Testing: the regulatory imperative
This week we have a guest post from Tim Nash of Finextra who talks about the importance of testing from a regulatory perspective….
Beyond the risks to reputation and share price associated with outages in bank systems, there is a wide-scale and significant Regulatory imperative around banks’ ability to undertake testing in a comprehensive, insightful and auditable manner. As well as Capital Adequacy Stress Tests, Regulators require their banks to test and report – and be subject to spot-checks – on a range of issues: operational resilience, business continuity and cyber-crime security checks to name but three.
However, much bank testing is based on expensive and inefficient manual processes that are often able to review individual elements rather than complete end-to-end processes. Bank executives will only benefit from fewer sleep-free nights when their organisation’s approach to operational resilience switches from simple testing to one of strategic assurance – a key imperative, particularly when the Regulators are involved.
In 1996 the Basel Capital Accord was amended to require banks to conduct Stress Tests to determine their ability to respond to market events. As a regulatory requirement, certain financial institutions were required to ensure that they had adequate capital levels to cover potential losses incurred during extreme, but plausible, events. Since that time, the press has given regular coverage to the performance of individual banks in their Stress Tests together will a commentary around any remedial action required.
But, beyond the areas of Capital Adequacy and intra-day liquidity, there are a number of other important regulatory-related tests that banks are required to both perform regularly and report their performance in.

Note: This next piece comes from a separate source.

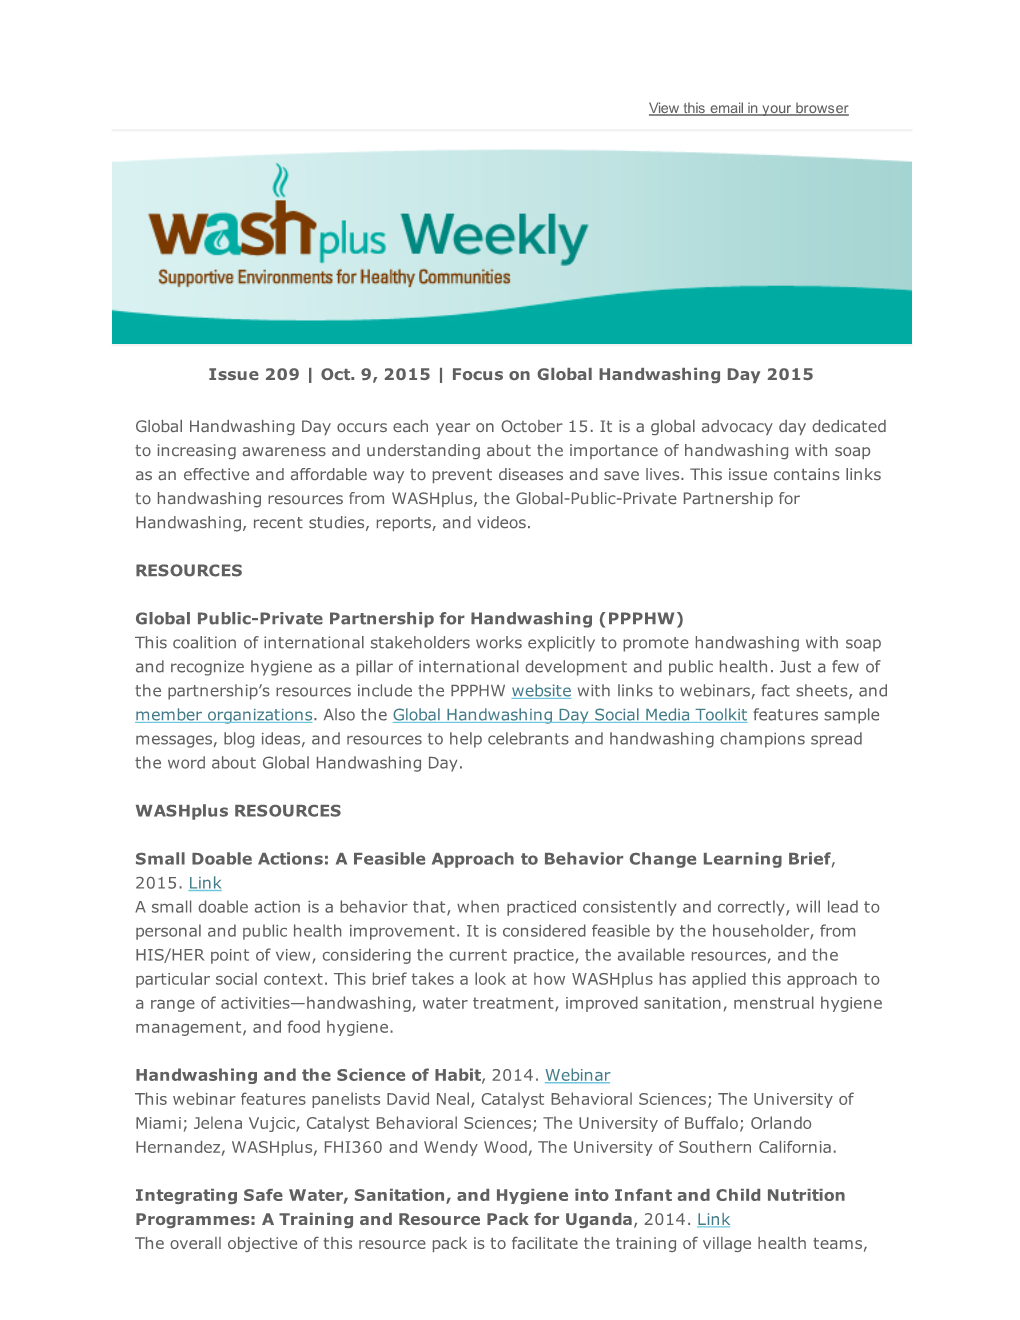 Issue 209 | Oct. 9, 2015 | Focus on Global Handwashing Day 2015

In the UK, the Bank of England is responsible for the overall business continuity and operational resilience of the banking system. Its approach to what it terms Operational Resilience – the ability of firms and the financial system as a whole to adsorb and adapt to shocks, rather than contribute to them – is based on the supervision of individual firms and financial market infrastructures. Its operational resilience strategy includes an element called ‘Building Resilience’. This includes the Bank’s expectations regarding the operational resilience required of firms and the development of a supervisory framework and tools – critically ‘assurance testing’ – for assessing the performance of individual institutions. To this end, one of the Bank’s ‘Dear Chairman’ letters was issued with the intention of initiating a review of the technology and cyber resilience of the UK’s major Retail deposit takers.
Such testing is also required to comply with the Financial Conduct Authority (FCA) Handbook which sets out the need for banks to develop “a description of the applicant’s business continuity arrangements, including a clear identification of the critical operations, effective contingency plans, and a procedure for regular testing and reviewing of the adequacy and efficiency of such plans”. Banks, therefore, are required to both have documented business continuity plans and to test and review them regularly.

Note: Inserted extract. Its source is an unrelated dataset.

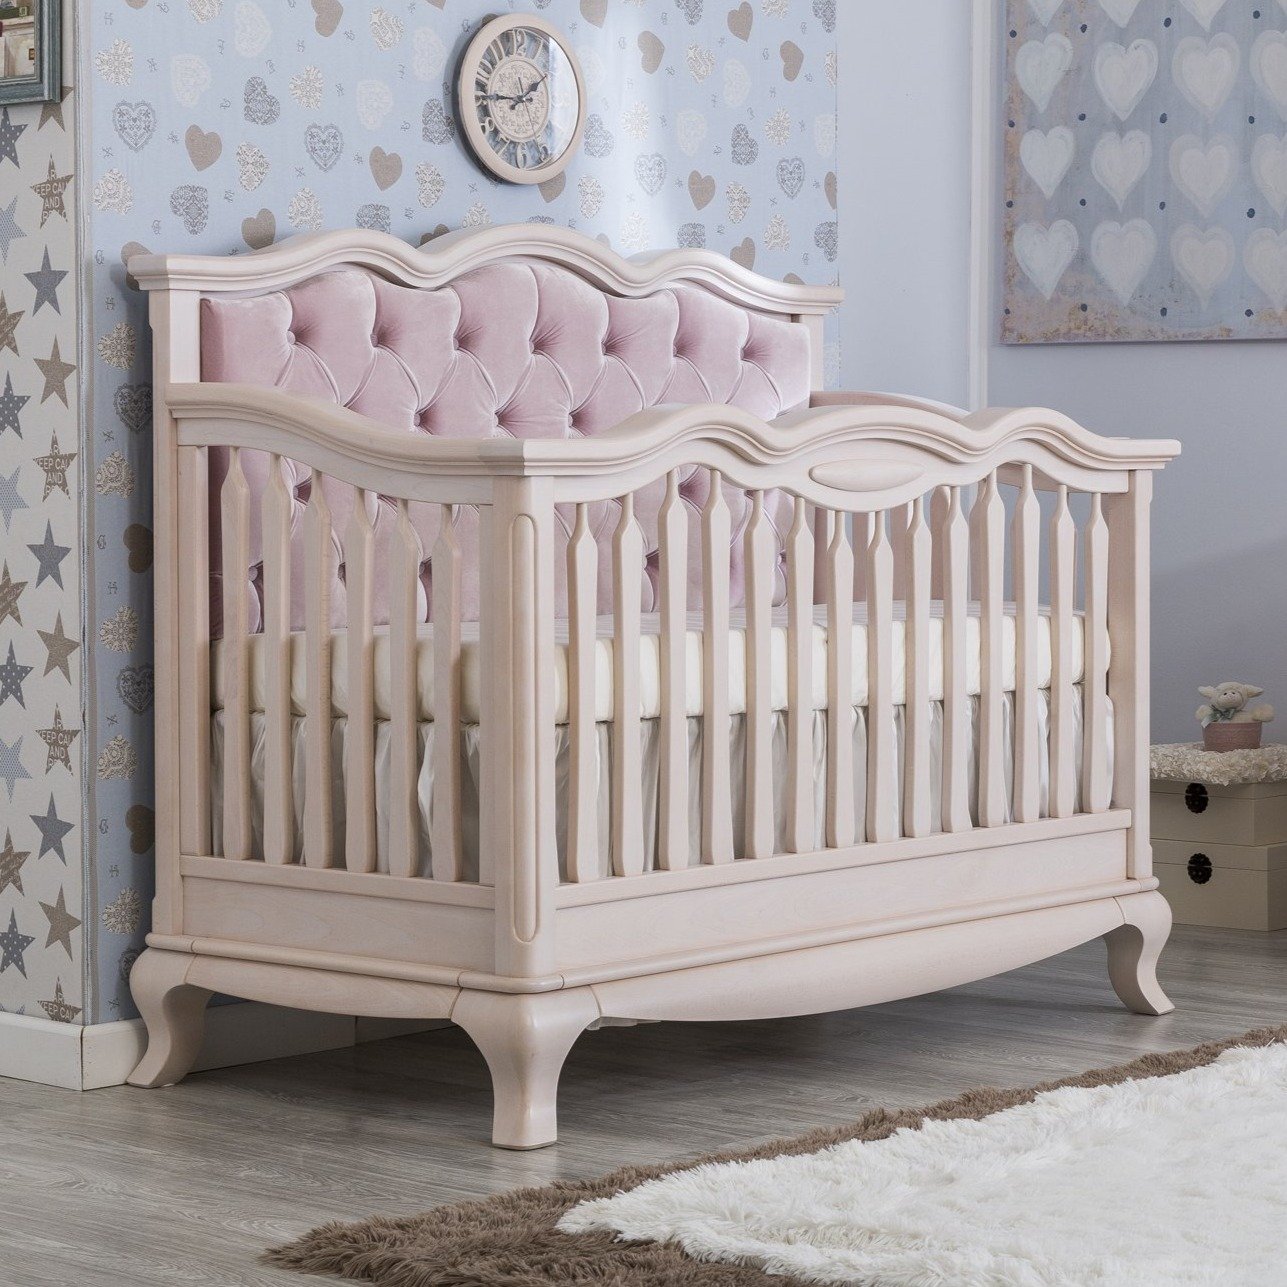 Romina Cleopatra Convertible Crib With Tufted Panel

A recent interview conducted by Finextra with a number of senior bankers demonstrated that cyber crime and fraud is widely expected to present the biggest risk to the industry both now and into the future. To protect banks against this threat the Bank of England has developed its CBEST framework for testing firms’ cyber resilience. The aim of the initiative is to both test an individual institutions defences, and also its ability to detect and respond to a range of external attackers.

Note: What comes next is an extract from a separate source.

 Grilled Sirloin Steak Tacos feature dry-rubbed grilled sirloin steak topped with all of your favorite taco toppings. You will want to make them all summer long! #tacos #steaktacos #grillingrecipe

In addition to being subject to cyber resilience spot checks by the Bank, CBEST also encourages UK institutions to conduct regular security checks themselves. The CBEST programme also involves work on cyber crime involving players from across the whole banking industry. When discussing CBEST the Chairman of the Bank of England said, “What I have mentioned so far – information-gathering, testing and information sharing – are essential ingredients to improving the sector’s resilience to potential cyber threats”.
Further, in 2017 it was announced that the EU was also considering the implementation of a similar programme to test bank defences against cyber attacks.
PSD2 and Opening Banking
These regulations are aimed at increasing competition, innovation and consumer protection within the banking industry and require the larger banks to open-up their customer franchises to specialist external providers – Account Information Service Providers (AISPs) and Payment Initiation Service Providers (PISPs). With the opening-up of bank’s core systems to such third-party providers (TPPs) via Application Programmes Interfaces (APIs), Regulatory compliance has focused the minds of banks on the importance of both security/firewalls and testing as never before.
The operation of APIs will be governed by Regulatory Technical Standards (RTS) which will specify the requirements for common and secure standards of communication between banks and TPPs. Strong customer authentication (SCA) will be put at the centre everything, and all TPPs will need to prove the implementation, testing and auditing of such security measures. This will place additional strain on bank’s testing resources and capabilities as they may well be required to undertake robust testing – particularly around security – will multiple TPPs at the same time and with the TPPs under the eye of their Regulator.
Hence, the amount of change faced by banks to achieve regulatory compliance – the regulatory imperative – determines that they must raise the importance of testing and operational control in their business priorities.